Assigned task.
Retype each of the records below exactly, leaving the pictures out.

Records excerpted from a collection
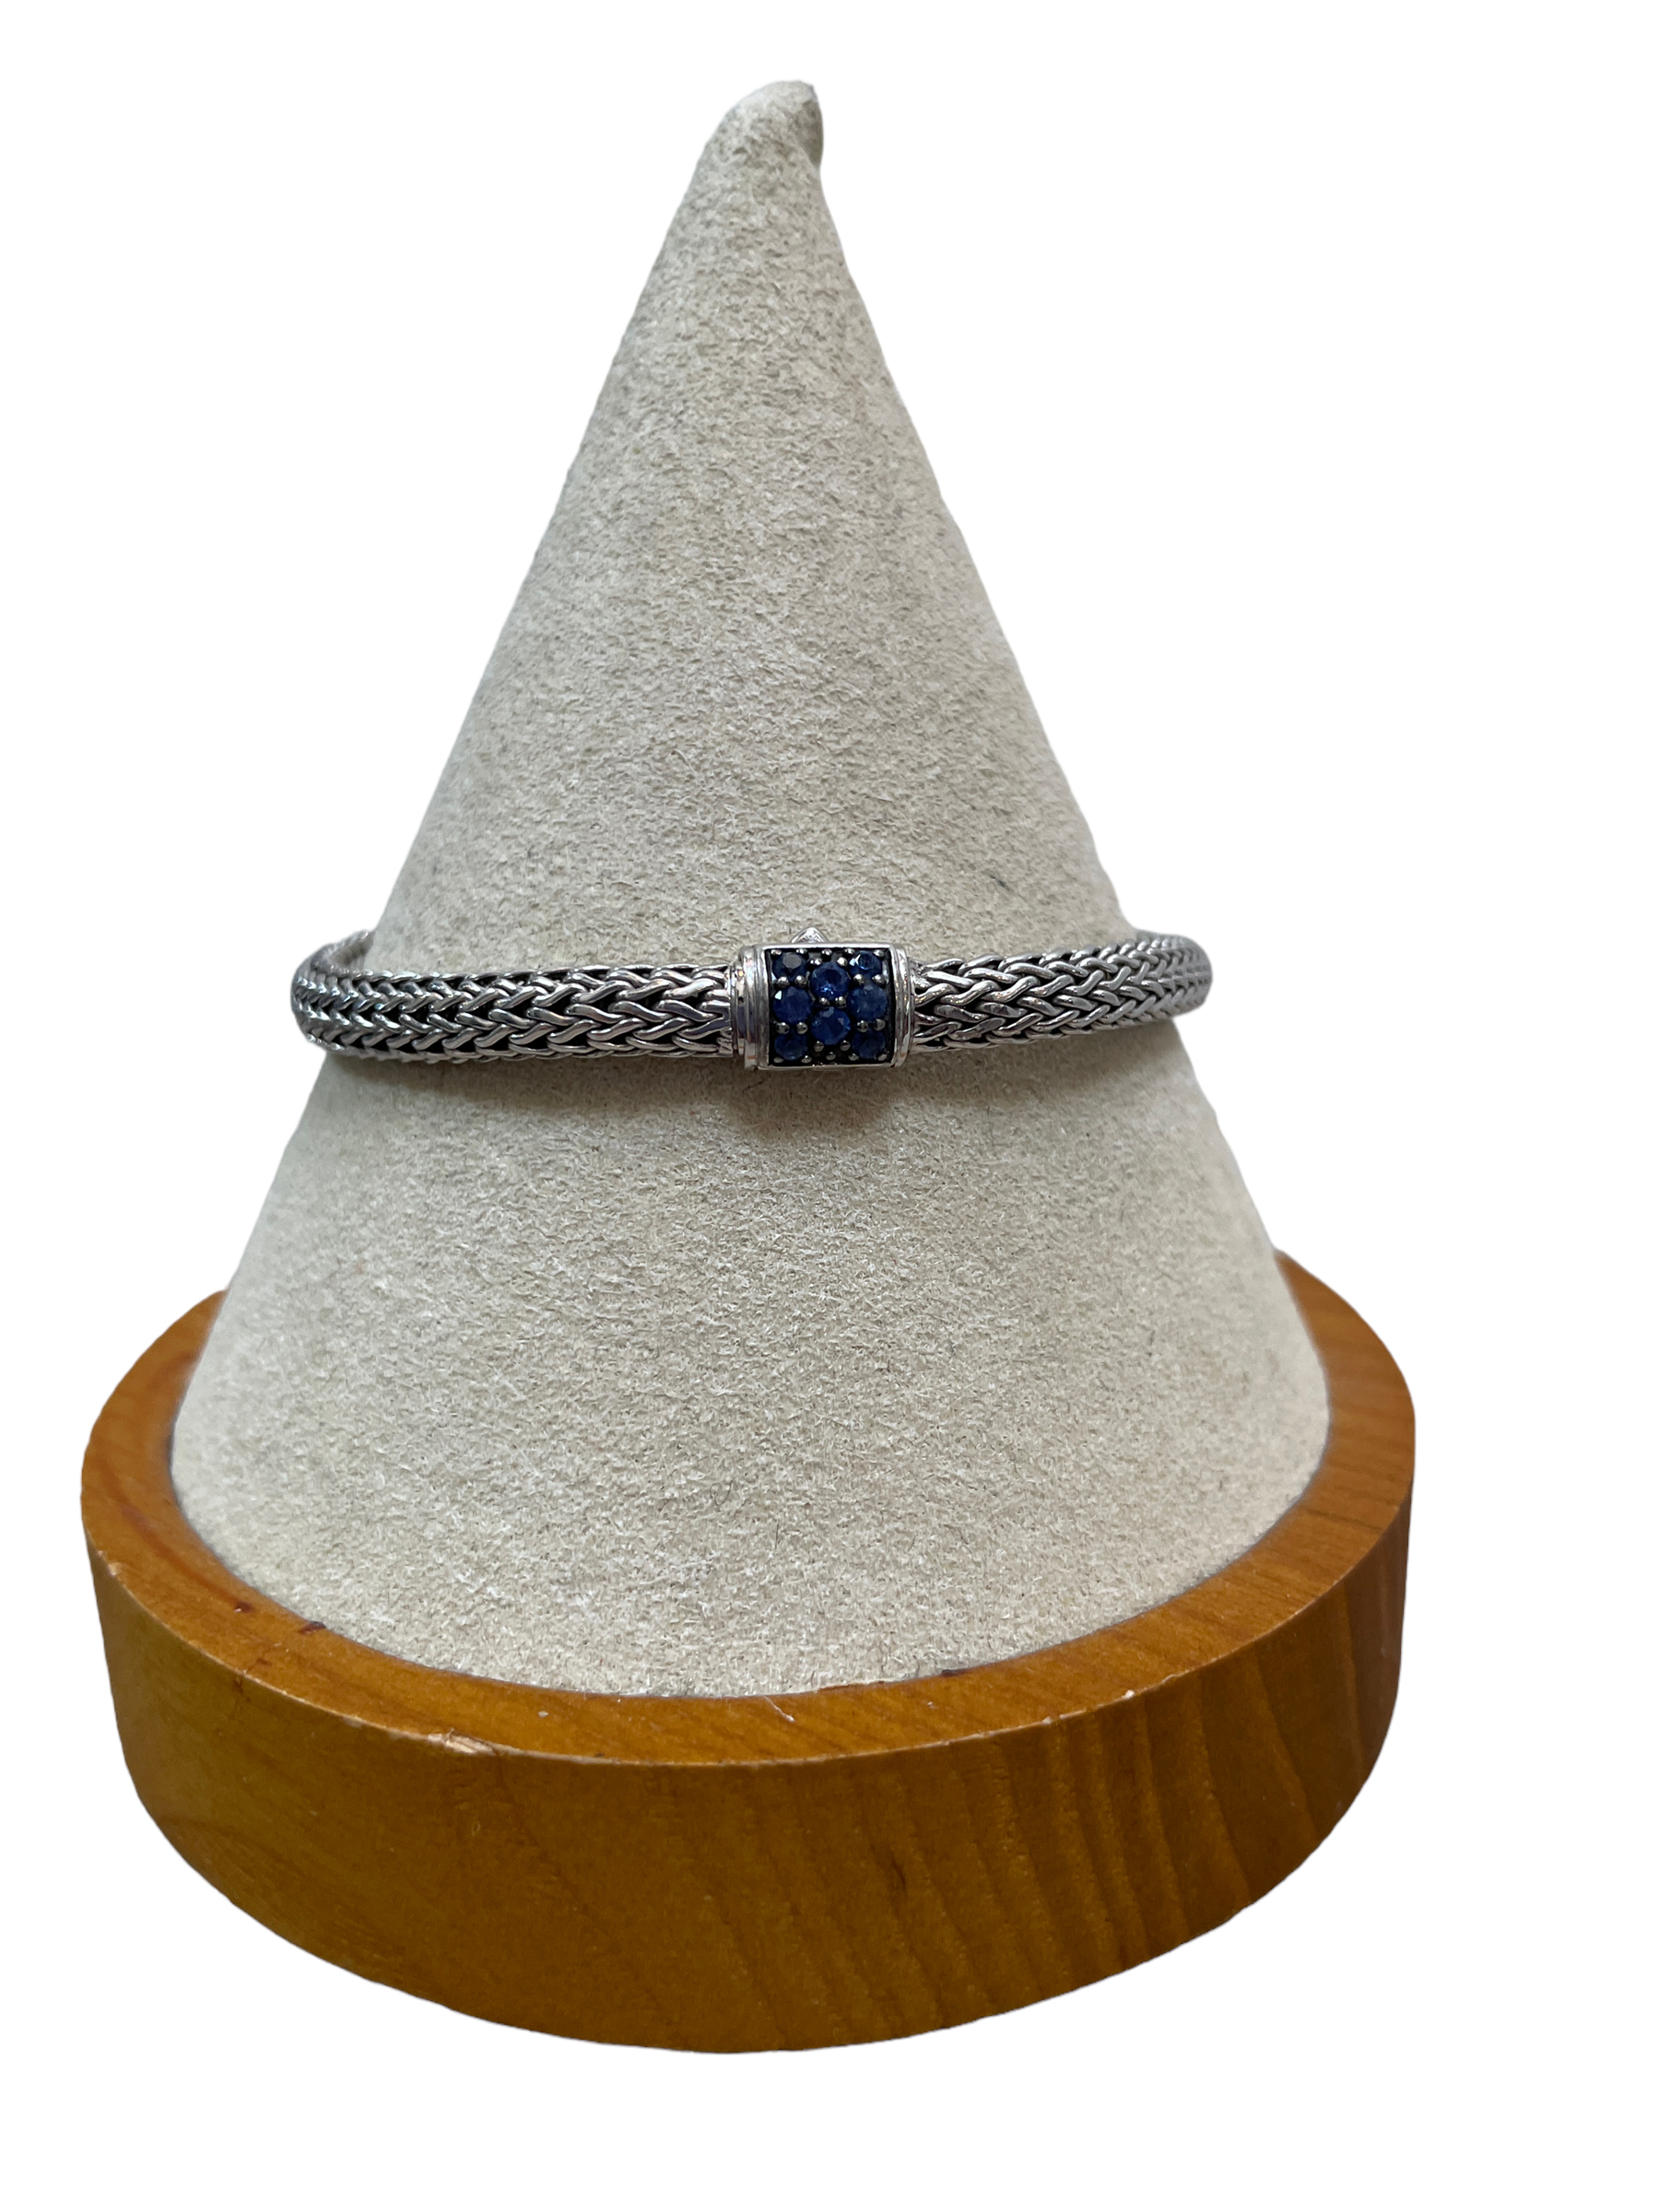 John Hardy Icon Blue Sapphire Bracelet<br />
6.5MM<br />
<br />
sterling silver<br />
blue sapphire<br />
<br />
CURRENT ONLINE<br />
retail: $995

Answer space.
 John Hardy Icon Blue Sapphire Bracelet<br />
6.5MM<br />
<br />
sterling silver<br />
blue sapphire<br />
<br />
CURRENT ONLINE<br />
retail: $995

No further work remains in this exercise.